ECLI:NL:CRVB:2015:3304
Centrale Raad van Beroep
- Hoger beroep
- Rechtspraak.nl
Afwijzing aanvraag bijzondere bijstand voor kosten van wassen van kleding door de Centrale Raad van Beroep
In deze zaak heeft de Centrale Raad van Beroep op 29 september 2015 uitspraak gedaan in hoger beroep tegen een eerdere beslissing van de rechtbank Zeeland-West-Brabant. De zaak betreft de afwijzing van een aanvraag voor bijzondere bijstand voor de kosten van het wassen van kleding door betrokkene, die samen met zijn echtgenote in een zorginstelling verblijft.

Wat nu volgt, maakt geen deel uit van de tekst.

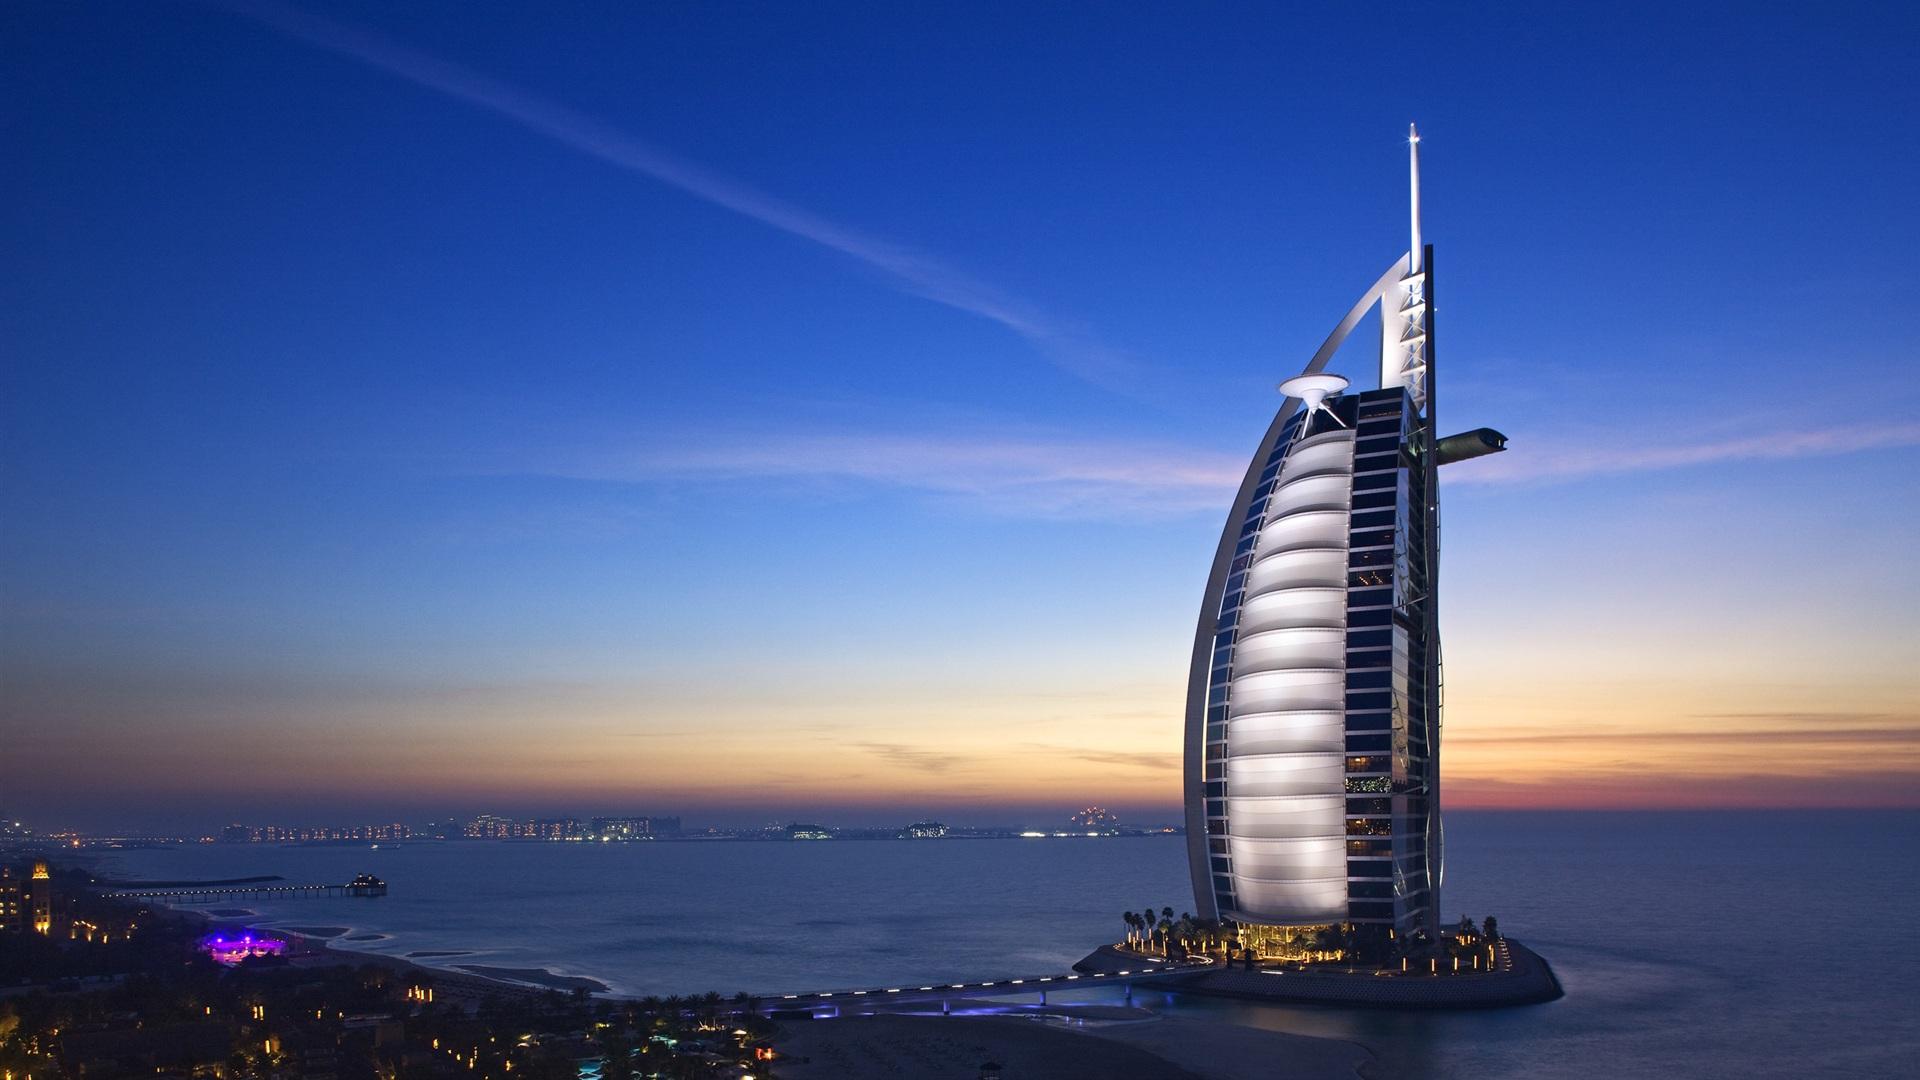 Download Wallpaper 1920x1080 Dubai Hotels Burj Al Arab

De aanvraag was ingediend door hun zoon op 17 september 2012, maar werd afgewezen door het dagelijks bestuur van de Intergemeentelijke Sociale Dienst Werkplein Hart van West-Brabant op basis van een medisch advies van de GGD-arts, die concludeerde dat er geen medische noodzaak was voor vaker wassen van de kleding.
De rechtbank had het beroep van betrokkene gegrond verklaard en het bestreden besluit vernietigd, omdat betrokkene niet op familieleden kon terugvallen voor het wassen van zijn kleding. In hoger beroep heeft appellant, het dagelijks bestuur, aangevoerd dat betrokkene wel degelijk een beroep kan doen op zijn zoon, maar de Raad oordeelde dat de zoon niet bereid was om deze taak op zich te nemen. De Raad bevestigde de uitspraak van de rechtbank, maar met verbetering van gronden, en oordeelde dat appellant een nieuwe beslissing op bezwaar moest nemen.
De Raad heeft ook overwogen dat de kosten voor het wassen van de kleding van betrokkene noodzakelijk waren, maar dat de bijzondere omstandigheden ontbraken, omdat betrokkene geen medische indicatie had voor het vaker wassen van zijn kleding. De Raad heeft de proceskosten van betrokkene in hoger beroep toegewezen, tot een bedrag van € 980,-. De uitspraak benadrukt het belang van medische noodzaak en de rol van familie in het verkrijgen van bijzondere bijstand.